Loss of vision may be unilateral but is often bilateral, ranging from irreversible total blindness to mild tran­sient deficits. Although the onset is usually prompt at the time of blood loss, it is delayed more than 3 days in as many as a third of cases, and beyond 10 days in some instances. Visual field loss is compatible with nerve fiber bundle damage. Results of initial fundus examination may be entirely normal, reflecting retrobulbar involvement of the nerve. Several days later, mild disc edema often appears to affect the retina (arteriolar narrowing, cotton wool spots, retinal edema, cherry-red spot) of the optic nerve head (pallid disc edema). Approximately 50% of patients experience some recovery of sight and 10 to 15% recover completely [4].

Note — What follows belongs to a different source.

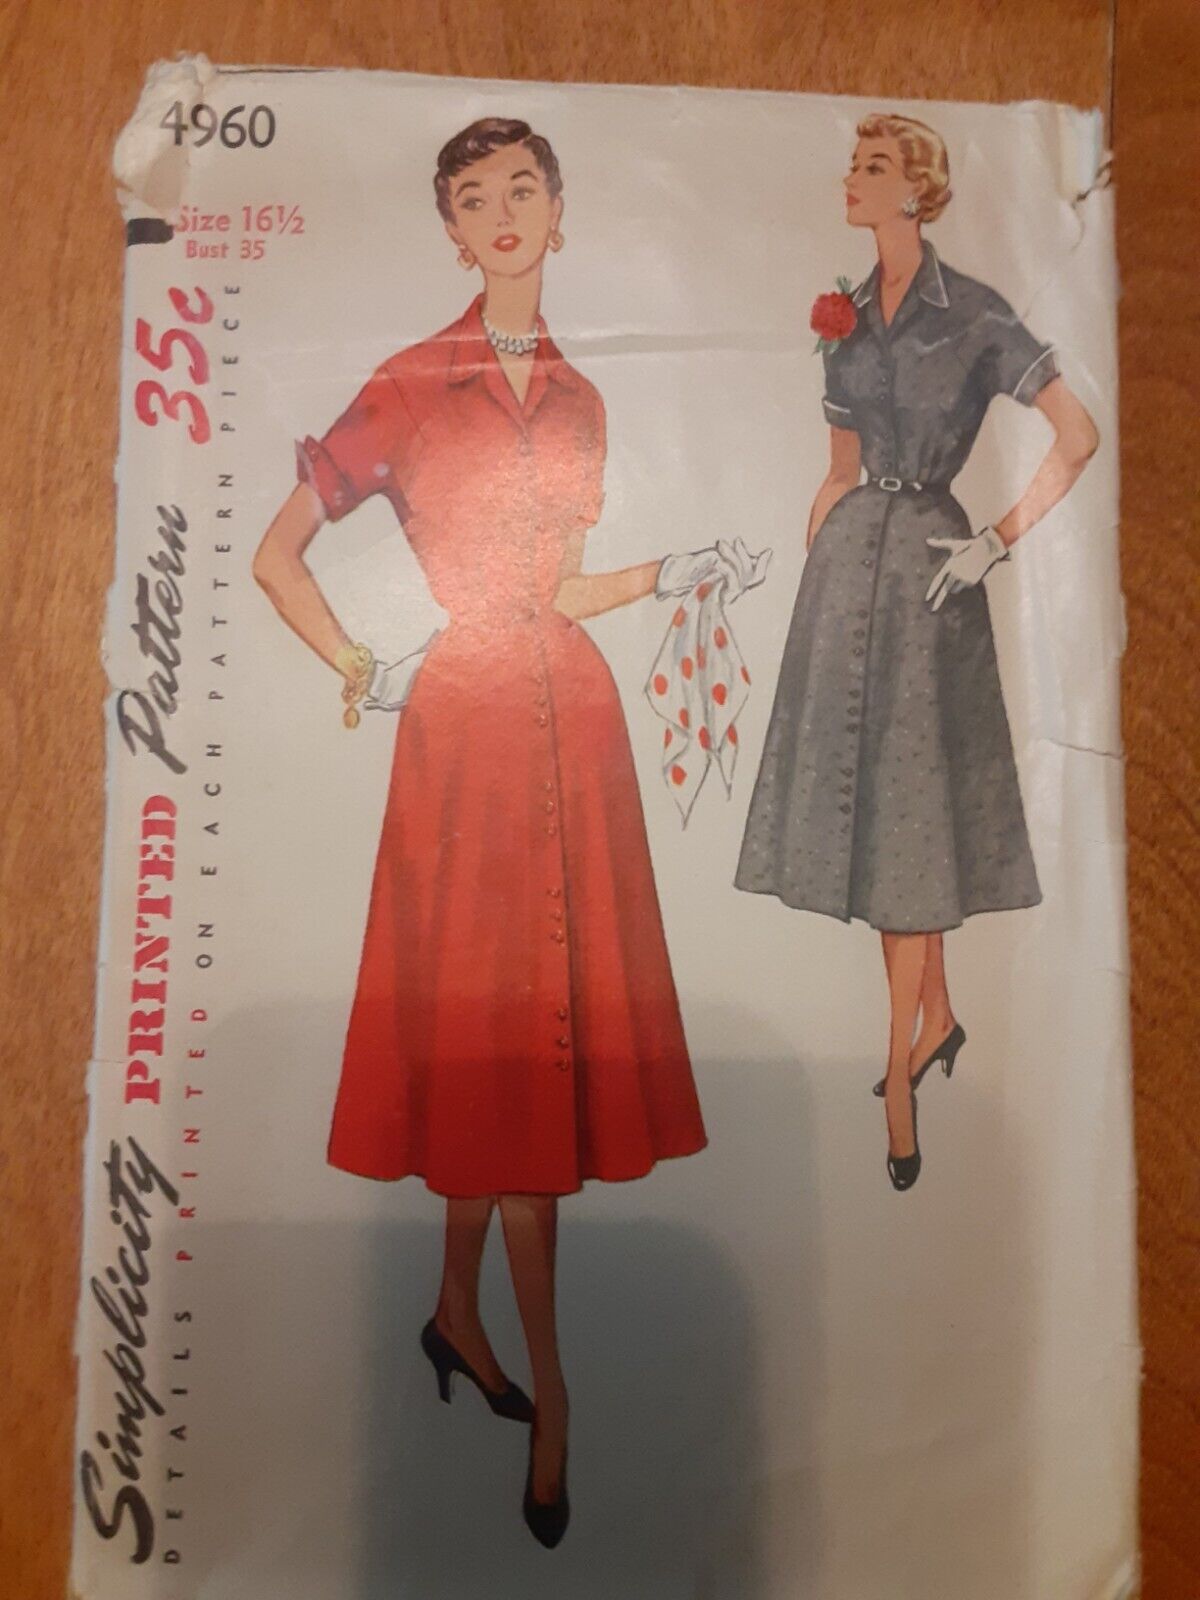 1954 Simplicity#4960 Miss HalfSize 16 1/2 Bust 35DressButton Front Flared Skirt

Acute systemic hypotension without documented anemia is unlikely to cause optic nerve infarction.

When visual loss does follow hypotension, anaes­thetics, or cardiac arrest, the lesions are generally found in the parietal and occipital lobes, but not in the optic nerves or retina. The characteristic hemis­pheric brain lesions in these circumstances are two types (1) infarctions in the border zones between the cerebral arteries and (2) diffuse cerebral cortical neuronal death. Indeed most patients who suffer optic nerve infarction after repeated systemic hemor­rhage apparently recover without other signs of neurologic damage. Therefore, when hypotension produces optic nerve infarction, it is evidently mild enough to spare the hemispheric watershed regions, and must be associated with another risk factor that makes the optic nerve vulnerable. In some patients, that extra risk factor may be arteriosclerosis.

In patients such as ours, vascular disease was not present, and we presume that anemia was the critical extra risk factor. The optic nerve infarction in such cases seems to differ from that which occurs in patients with arteriosclerosis, in that it usually is centered more posteriorly - in the orbital rather than the juxtalaminar optic nerve.

Johnson et al [2]sub hypothesize that the locus of optic nerve infarction after hypotension depends in part on pre-existing risk factors: In patients with arteriosclerosis they presume that the lumina and perhaps autoregulatory mechanisms of terminal ciliary vessels in the juxtalaminar optic nerve are com­promised by hyalinosis, causing this region to be relatively poorly perfused. With a further drop in perfusion pressure during systemic hypotension, the nerve head becomes infarcted. The optic nerve head may be selectively vulnerable since its circulation is subjected to the high tissue hydrostatic pressure exerted by intraocular tension [5].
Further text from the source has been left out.